American politician (1952–2025)

Mitch Needelman (October 23, 1952 – September 1, 2025) was an American politician who was a member of the Florida House of Representatives serving as a Republican. He represented the 31st district from 2000 to 2008.

Needelman then served as Clerk of Brevard County Courts, but lost his bid for re-election in 2012.

In 2017 he was found guilty of bribery, a second-degree felony punishable by up to 15 years in prison and a fine of up to $10,000; conspiracy to commit bribery, a third-degree felony punishable by up to five years in prison and/or a $5,000 fine; bid tampering, a second-degree felony; entering a contract resulting from bid tampering, a second-degree felony; official misconduct, a third-degree felony; unlawful campaign contributions in excess of $500, a third-degree felony.

He was a member of the City of Melbourne Zoning Board of Adjustments from 1988 to 2000, and its chairman from 1996 to 1997.

== Background ==
Needelman was born in Miami, Florida, on October 23, 1952. He died on September 1, 2025, at the age of 72.

== Bid rigging scandal ==

In early 2012, BlueWare CEO Rose Harr met former state representative and current Brevard County Clerk Mitch Needelman, via Matt DuPree, a former lobbyist and business partner of Needelman. On April 6, 2012, Needelman signed a contract with RoseWare LLC, one of the 10 companies within BlueWare's "corporate family." On the day of signing, $100,000 was wired from Brevard County to BlueWare.

On April 18, 2012, the former Brevard County Clerk, Republican Scott Ellis, filed a public records request for any and all contracts between the County Clerk's office and BlueWare.

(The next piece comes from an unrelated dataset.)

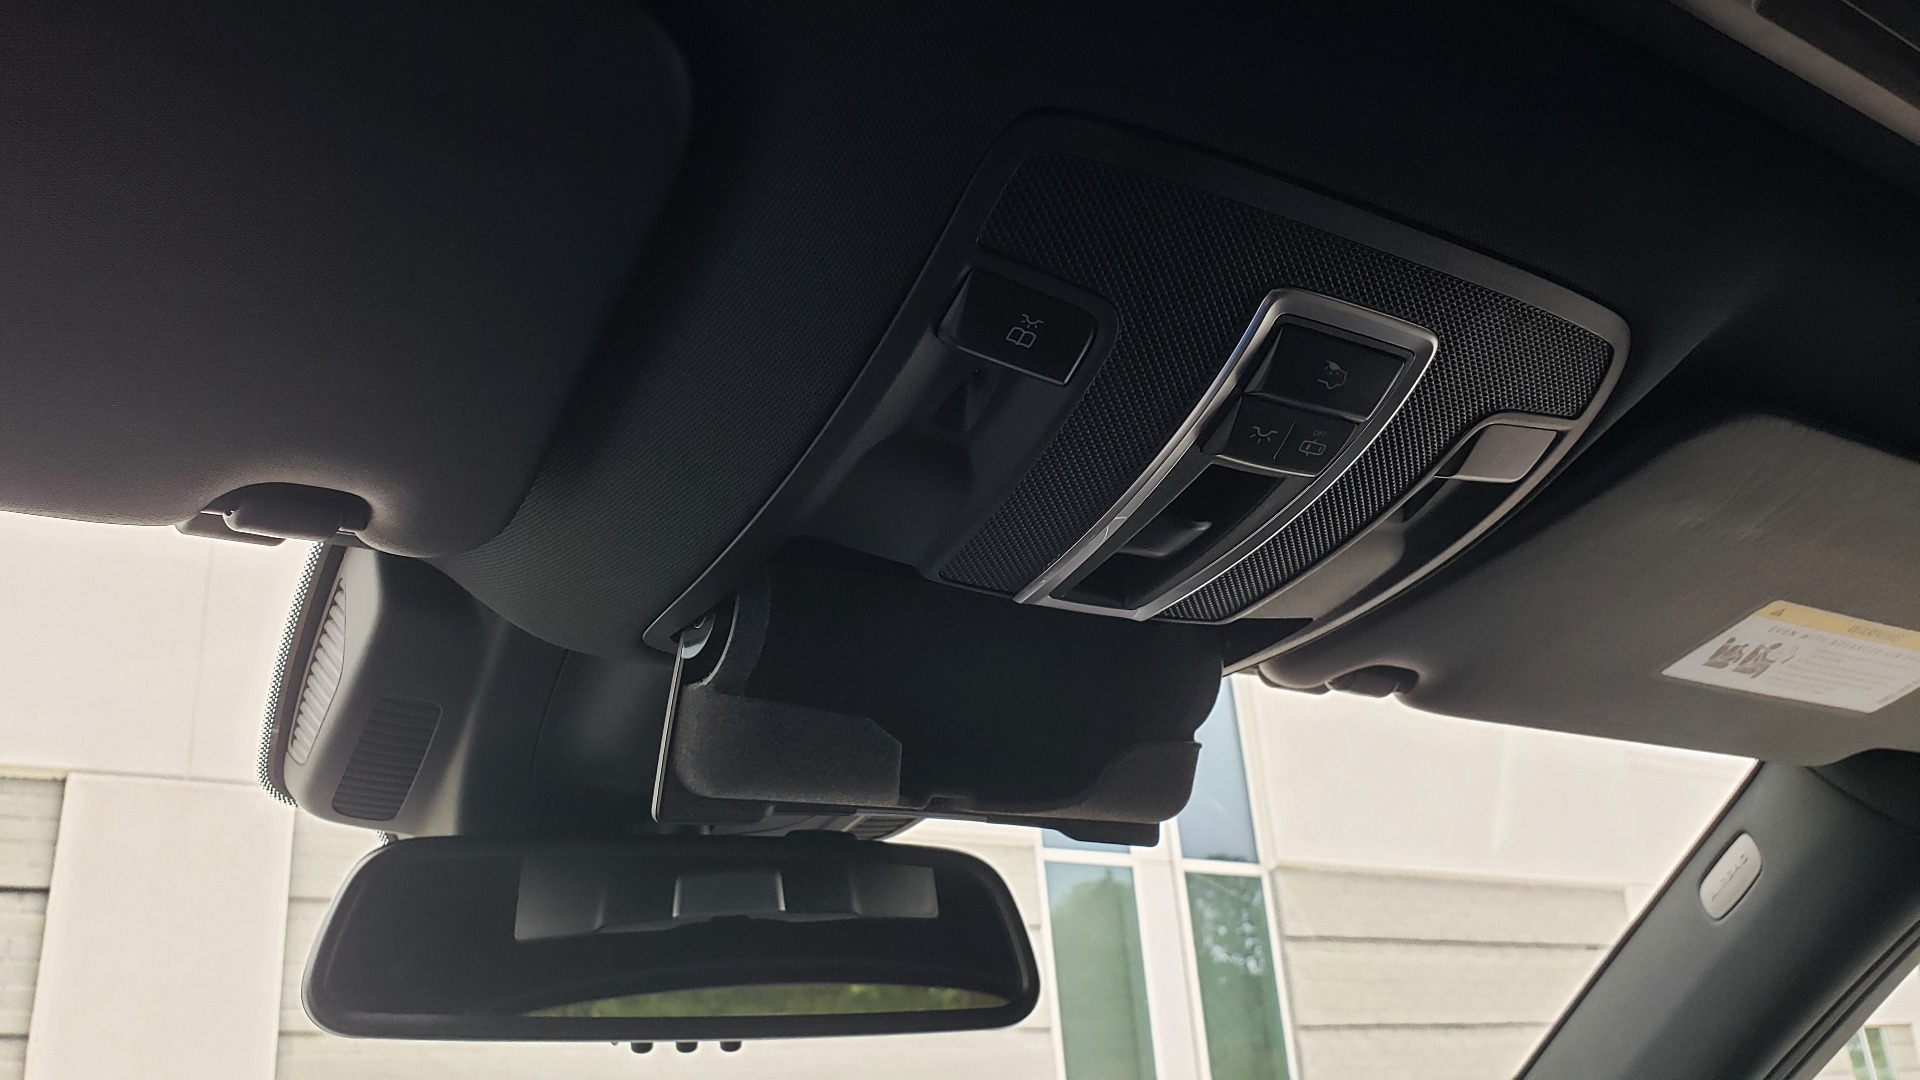 Used 2018 Mercedes-Benz GLE 350 4MATIC / PREM PKG / NAV / PARK ASST / K/H SND / HITCH / REARVIEW for sale $40,801 at Formula Imports in Charlotte NC 28227 56

On May 3, 2012, Needelman issued an Invitation to Negotiate (ITN) for a contract to digitize old county records which were then being stored in a gymnasium. This ITN, which was reportedly written by BlueWare itself, allowed only eight days to submit bids, which did not allow other firms the time needed to prepare. Selection of a bid was made only five days later. BlueWare, which had never performed such services for government before, submitted a bid of $8.5 million under the company name BlueGem, Inc. Despite the short time-frame, the experienced document imaging company FNTI had submitted a bid of only $3.5 million. On May 23, in spite of the lower bid, BlueWare was wired an additional $500,000. The contract was signed on June 29, and BlueWare received its first monthly payment of $90,000.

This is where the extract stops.